Program ini dirancang Mubyarto bersama seorang teman LSM-nya. IDT adalah
kependekan dari “Inpres Desa Tertinggal”. Mengapa bukan “desa miskin” melainkan
“desa tertinggal”. Apakah keduanya ada perbedaan? Indonesia dikenal sebagai
negara yang sangat pandai dalam hal-hal yang berkaitan dengan eufemistis.

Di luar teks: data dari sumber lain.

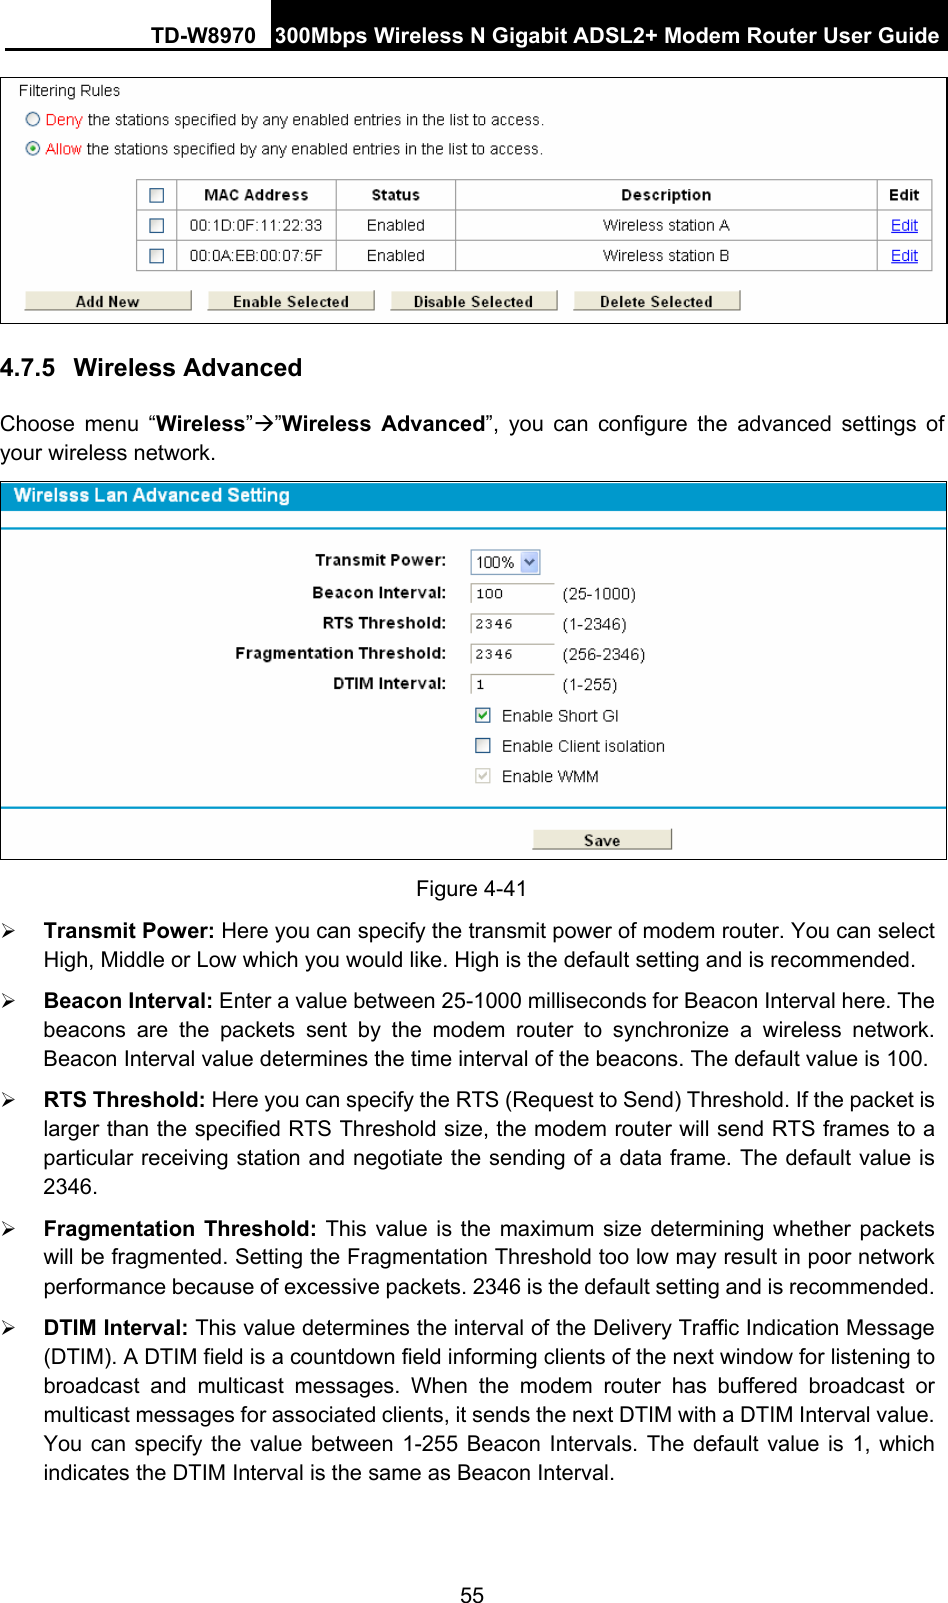 TD-W8970 300Mbps Wireless N Gigabit ADSL2+ Modem Router User Guide 55  4.7.5  Wireless Advanced Choose menu “Wireless”Æ”Wireless Advanced”, you can configure the advanced settings of your wireless network.  Figure 4-41 ¾ Transmit Power: Here you can specify the transmit power of modem router. You can select High, Middle or Low which you would like. High is the default setting and is recommended. ¾ Beacon Interval: Enter a value between 25-1000 milliseconds for Beacon Interval here. The beacons are the packets sent by the modem router to synchronize a wireless network. Beacon Interval value determines the time interval of the beacons. The default value is 100.   ¾ RTS Threshold: Here you can specify the RTS (Request to Send) Threshold. If the packet is larger than the specified RTS Threshold size, the modem router will send RTS frames to a particular receiving station and negotiate the sending of a data frame. The default value is 2346.  ¾ Fragmentation Threshold: This value is the maximum size determining whether packets will be fragmented. Setting the Fragmentation Threshold too low may result in poor network performance because of excessive packets. 2346 is the default setting and is recommended.   ¾ DTIM Interval: This value determines the interval of the Delivery Traffic Indication Message (DTIM). A DTIM field is a countdown field informing clients of the next window for listening to broadcast and multicast messages. When the modem router has buffered broadcast or multicast messages for associated clients, it sends the next DTIM with a DTIM Interval value. You can specify the value between 1-255 Beacon Intervals. The default value is 1, which indicates the DTIM Interval is the same as Beacon Interval.

Presiden Soeharto kala itu tidak simpatik dengan kata “miskin”. Oleh karena itu,
kata “miskin” diperhalus dengan kata “tertinggal”. Apalagi pada awal kelahiran
program ini, banyak para Gubernur dan Bupati yang tidak setuju dengan
pengklaiman bahwa daerahnya adalah salah satu daerah miskin. Atas dasar ini
makanya desa miskin diperhalus dengan desa tertinggal.
Program IDT ini
dihalirkan melalui instruksi presiden no. 5 tahun 1993 pada tanggal 27
Desember. Mekanisme implementasi program ini adalah dengan cara memberikan
batuan kepada masyarakat miskin berupa sejumlah uang dan materi. Uang dan
materi ini digunakan untuk membantu masyarakat miskin membangun usahanya secara
mandiri. Uang dan materi yang diberi oleh pemerintah ini memiliki fungsi
pemberdayaan. Maksudnya adalah bahwa uang dan materi yang diperoleh ini dilihat
sebagai modal awal untuk menghasilkan laba dan keuntungan di masa-masa yang
akan datang.
Dana bergulir
itu disalurkan melalui Pokmas (Kelompok Masyarakat) yang dibentuk oleh
masyarakat sendiri di desa-desa tertinggal. Untuk memperlancar implemetasi
program IDT ini, “sekitar 4000 Pendamping direkrut di antara lulusan S1
(Sarjana Pendamping) dilatih selama sebulan baik fisik maupun pengetahuan
tentang Pokmas dan keterampilan pendampingan. Selain penyusunan konsep, Bina
Swadaya juga terlibat dalam pelatihan untuk mempersiapkan tenaga Pendamping.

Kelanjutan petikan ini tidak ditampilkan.